Het eitje wordt afgezet op een bloempje van de waardplant.
De grijswitte tot bleekgele rups heeft een bleekbruine kop.
In eerste instantie leeft de rups in de zaden van de waardplant, daarna in september maakt de rups een zijden koker en voedt zich dan extern met de zaden. Zelfs regelmatig te vinden op de afgevallen zaden. De volwassen koker is 6mm groot, driekleppig en gemaakt van bruine zijde. De koker is bezet met meel van de waardplant en frass behalve op de plaatsen waar de lengtelijnen zichtbaar zijn. De mondhoek is ongeveer 30 tot 35°.
De verpopping gebeurt tegen de grond.
- De soort is een zaadeter.
- C. vestianella is (als imago) te verwarren met: C. silenella, C. galbullipennella, C. adspersella en C. versurella.

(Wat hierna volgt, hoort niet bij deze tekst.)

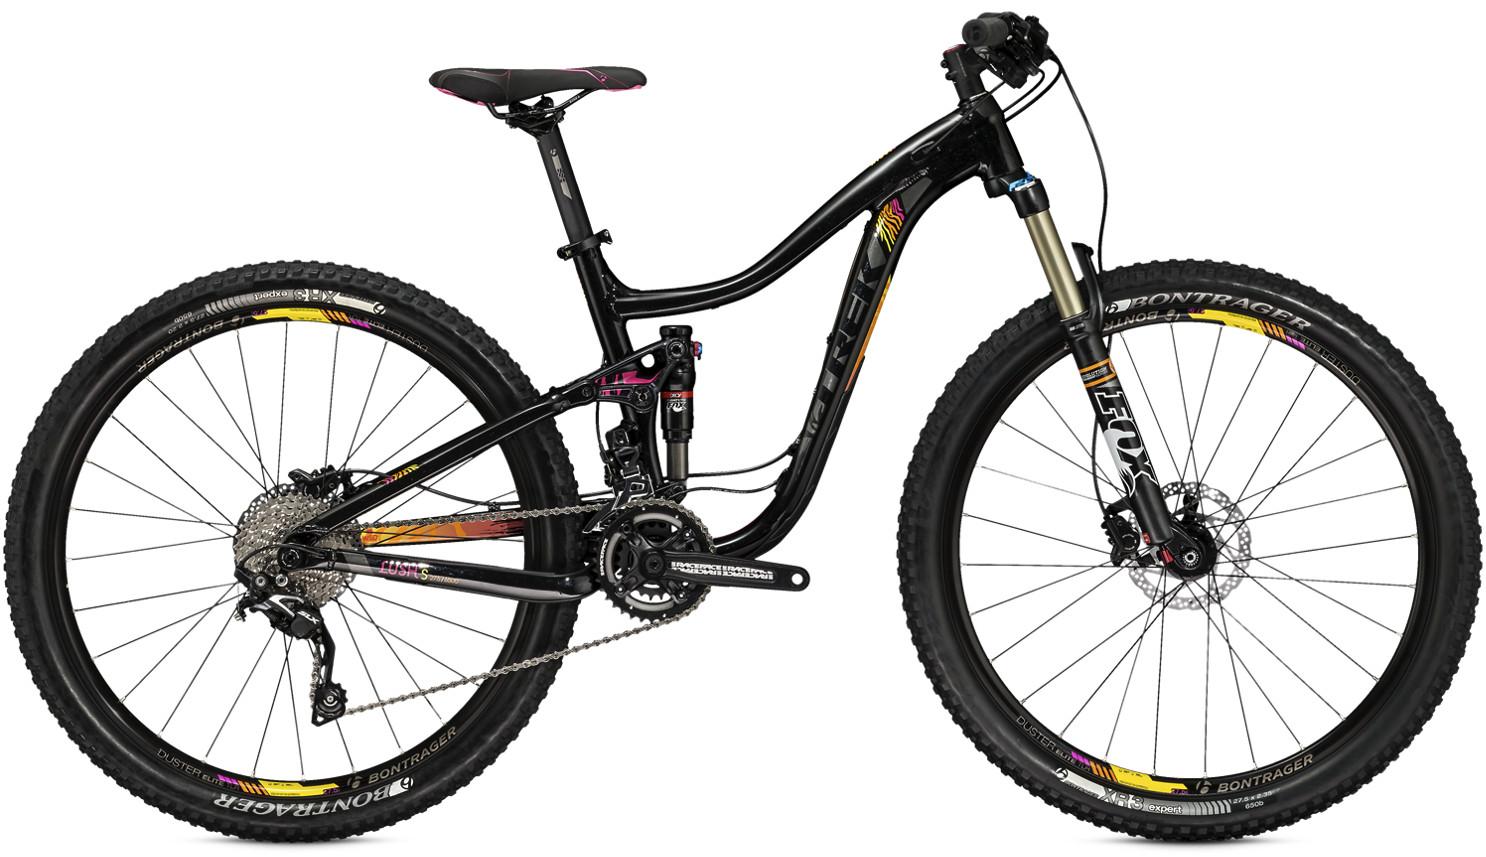 Trek Lush S 27.5 Bike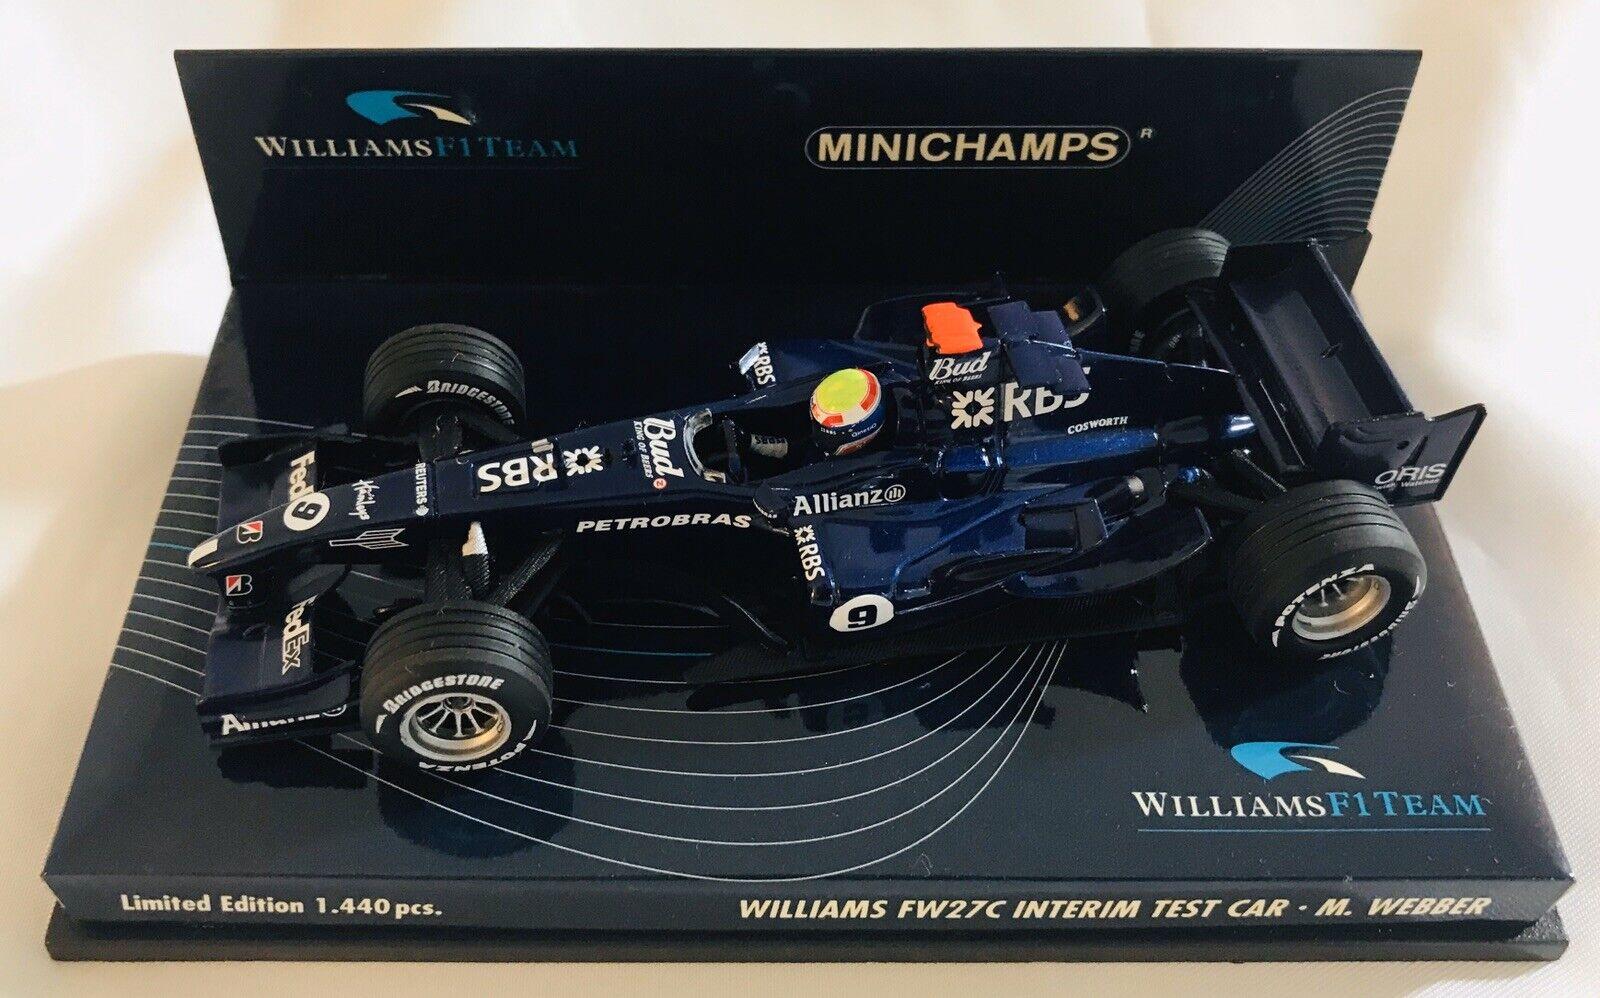 Minichamps F1 1 43 Williams FW27C Interim Test Car 2005 - m.Webber 400050109

Info omtrent de verspreiding op Catalogue of the Lepidoptera of Belgium.
Heel Europa, met uitzondering van Ierland, Portugal, Griekenland en de Middellandse Zee-eilanden.
De rupsen zijn volwassen in mei, dan verpoppen ze. De imago's zijn te vinden van eind juni tot begin augustus .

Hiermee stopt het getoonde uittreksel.